There were several early pioneers who suggested that the treatment of addiction should mirror the treatment of other chronic diseases. In 1828, Dr. J.H. Kain penned an essay on the treatment of intemperance in which he invoked the medical maxim, “chronic diseases require chronic cures” (Kain, 1828). Dr. T.D. Crothers expressed similar sentiments in an 1879 editorial in the Journal of Inebriety: 

The permanent cure of inebriates under treatment in asylums will compare favorably in numbers with that of any other disease of the nervous system which is more or less chronic before the treatment is commenced (Crothers, 1879).
Such comparisons of addiction to other chronic disorders were lost in the larger collapse of the inebriate asylum movement in the opening decades of the twentieth century.

As interest in alcoholism as a public health problem arose again in the mid-twentieth century, alcoholism was again compared to other chronic diseases. A 1938 report of the Scientific Committee of the Research Council on Problems of Alcohol concluded, “An alcoholic should be regarded as a sick person, just as one who is suffering from tuberculosis, cancer, heart disease, or other serious chronic disorder” (Johnson, 1973).  Also worthy of note is a 1947 article by Dr. R.E. Duncan published in the Kansas City Medical Journal. Duncan declared that alcoholism is a “chronic affair” and that “chronic conditions must be approached on a long range basis.” He further concluded, that to foster complete recovery, treatment must be continued for years after the patient has been sobered” (Duncan, 1947). Duncan was one of the first practitioners to explore the full clinical implications of the chronicity of addiction. During this same period, Charles Franco, an early industrial alcoholism pioneer, wrote a 1951 article “Chronic Alcoholism as a Medical Problem in Industry.” He called for recognizing alcoholism “as much a disease as diabetes or tuberculosis” (Duncan, 1951).

One other important historical footnote from the mid-twentieth century was the 1942 publication of Howard Haggard and E.M. Jellinek’s Alcohol Explored. In this text, which was overshadowed by Jellinek’s later book The Disease Concept of Alcoholism (1960), Haggard and Jellinek suggest that “The progress of research has been impeded by two conceptions: the first that all habitual excessive drinking is a disease, and the second that it is the same disease” (Haggard & Jellinek, 1942). This statement anticipated much of the later debate over the question of whether alcoholism is a disease and whether all alcohol problems can comfortably fit within a “disease” or “chronic disease” rubric.

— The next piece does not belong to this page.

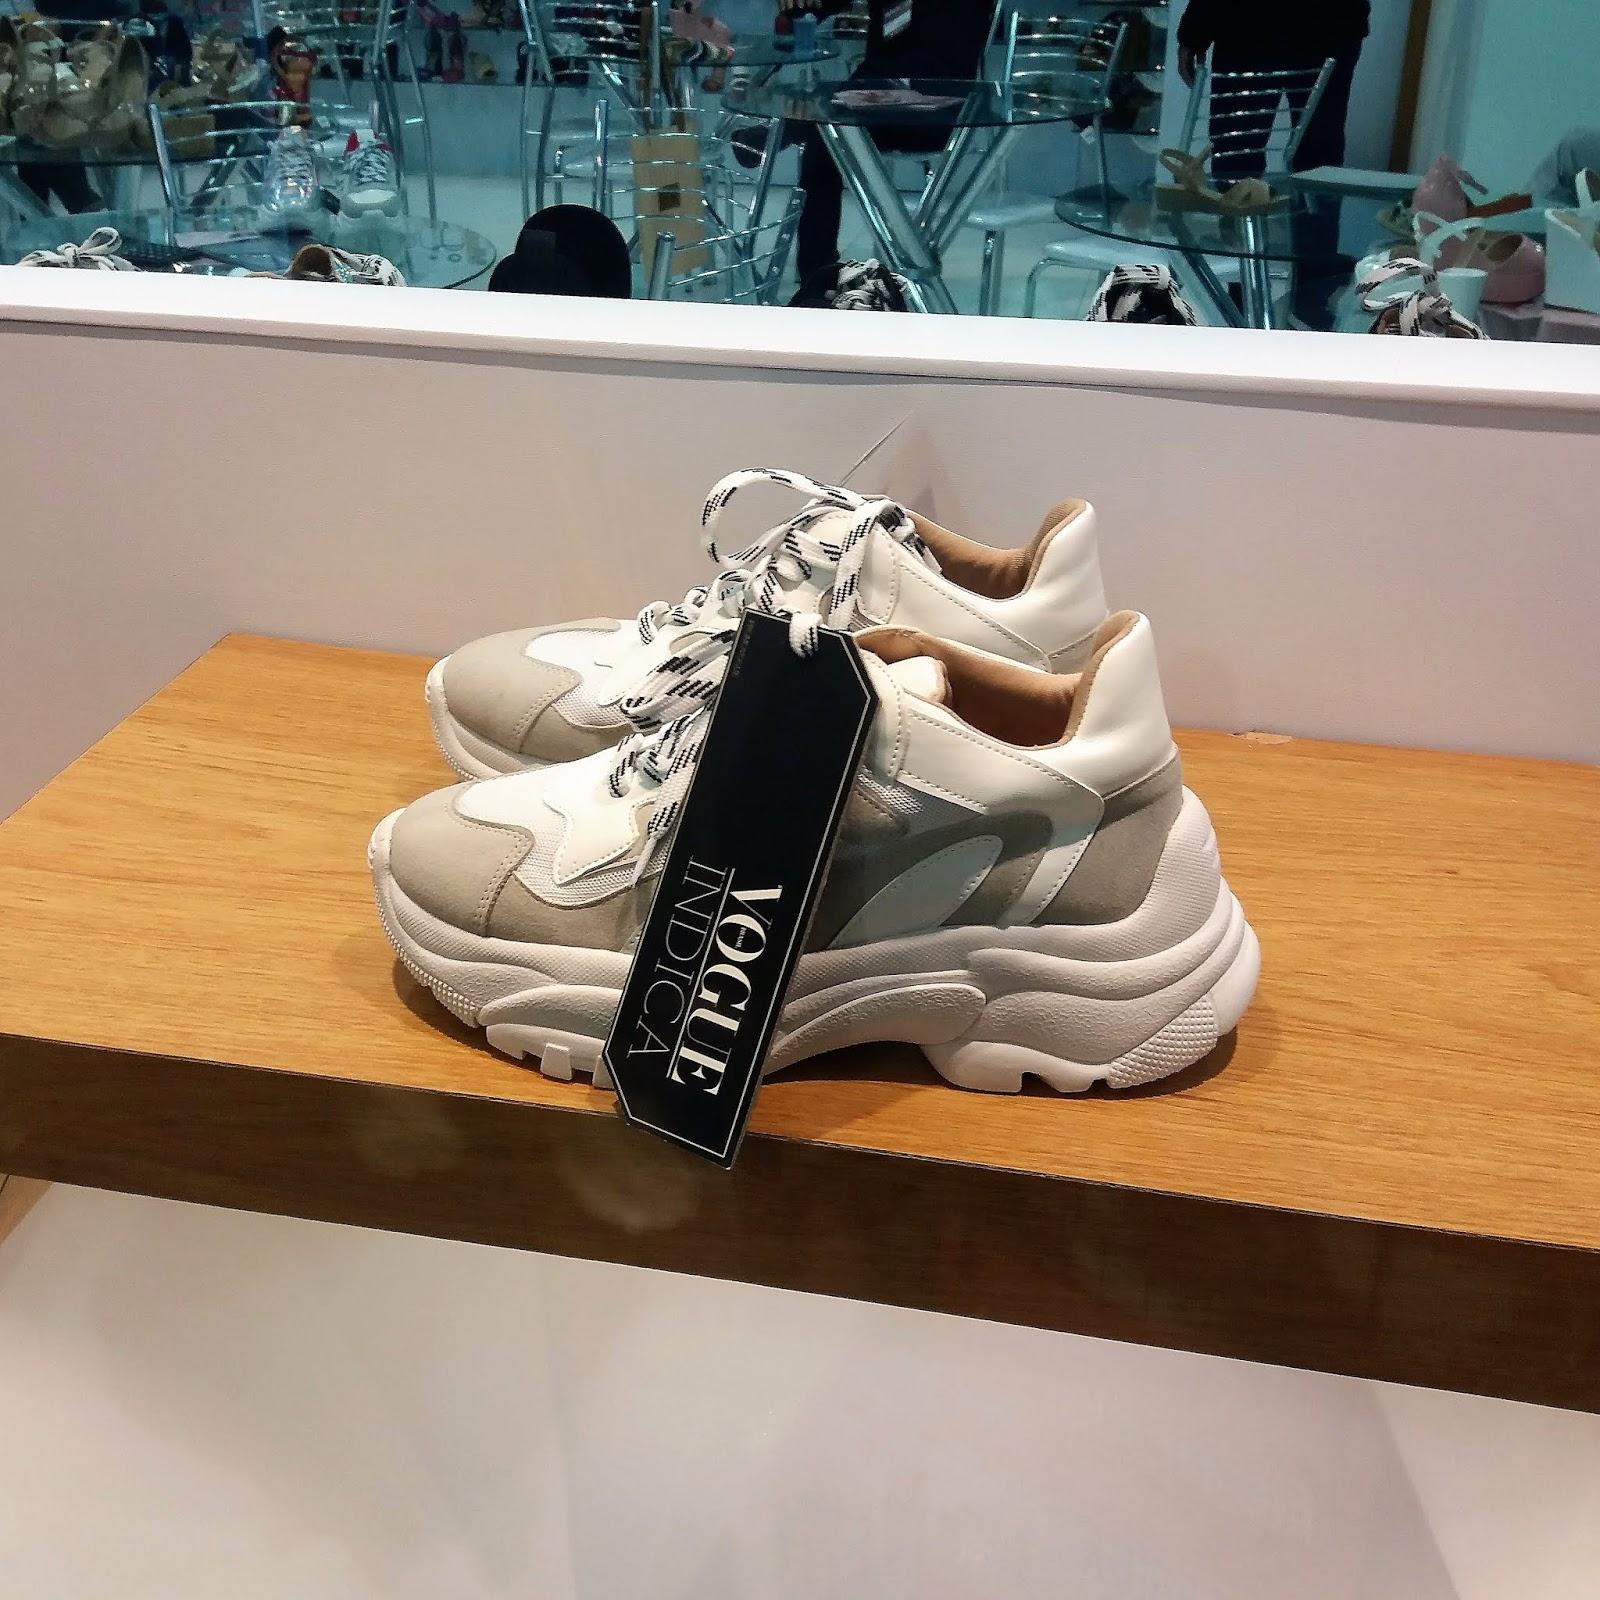 70527d455 Ala ZATZ Chuncky Tênis Dad Shoes. Ele existe por diversas marcas e preços,  for example Louis Vuitton por U$ 1090,00, mas hoje vou falar sobre uma que  ...

Our focus in this article is not on what addiction is — a disease, illness, disorder, habit, problem, etc. — but on the temporal course of addiction and how the span of the disorder from onset through sustained recovery can be most effectively managed at personal and professional levels. 

Treatment in an acute care model

The emphasis on alcoholism as a chronic disease was lost in the larger battle to convey to the American public and policy makers that alcoholism was a disease (Mann, 1944).  This effort spanned the 1940s to 1960s and led to landmark legislation in 1970 that set the stage for the rise of community-based, time-limited addiction treatment in the United States. This was followed by a rapid process of professionalization and commercialization and subsequent emergence of an aggressive system of managed behavioral health care in the United States. Despite (or perhaps because of) these forces, nearly all modalities of addiction treatment migrated toward an acute care (AC) model of intervention — even traditionally long-term modalities such as therapeutic communities and methadone maintenance. The AC model is characterized by the following central elements:

• Services are delivered “programmatically” in a uniform series of encapsulated activities (screening, admission, a single point-in-time assessment, treatment procedures, discharge, and brief “aftercare” followed by termination of the service relationship).
• A professional expert directs and dominates the assessment, treatment planning and service delivery decision-making throughout this process.
• Services transpire over a short (and historically ever-shorter) period of time, usually as a function of a pre-arranged, time-limited insurance payments designed specifically for addiction disorders and “carved out” from general medical insurance.
• The individual/family/community is given the impression at discharge (“graduation”) that “cure has occurred”: long-term recovery is now self-sustainable without on-going professional assistance.
• Post-treatment relapse and re-admissions are viewed as the failure (non-compliance) of the individual rather than potential flaws in the design or execution of the treatment protocol.  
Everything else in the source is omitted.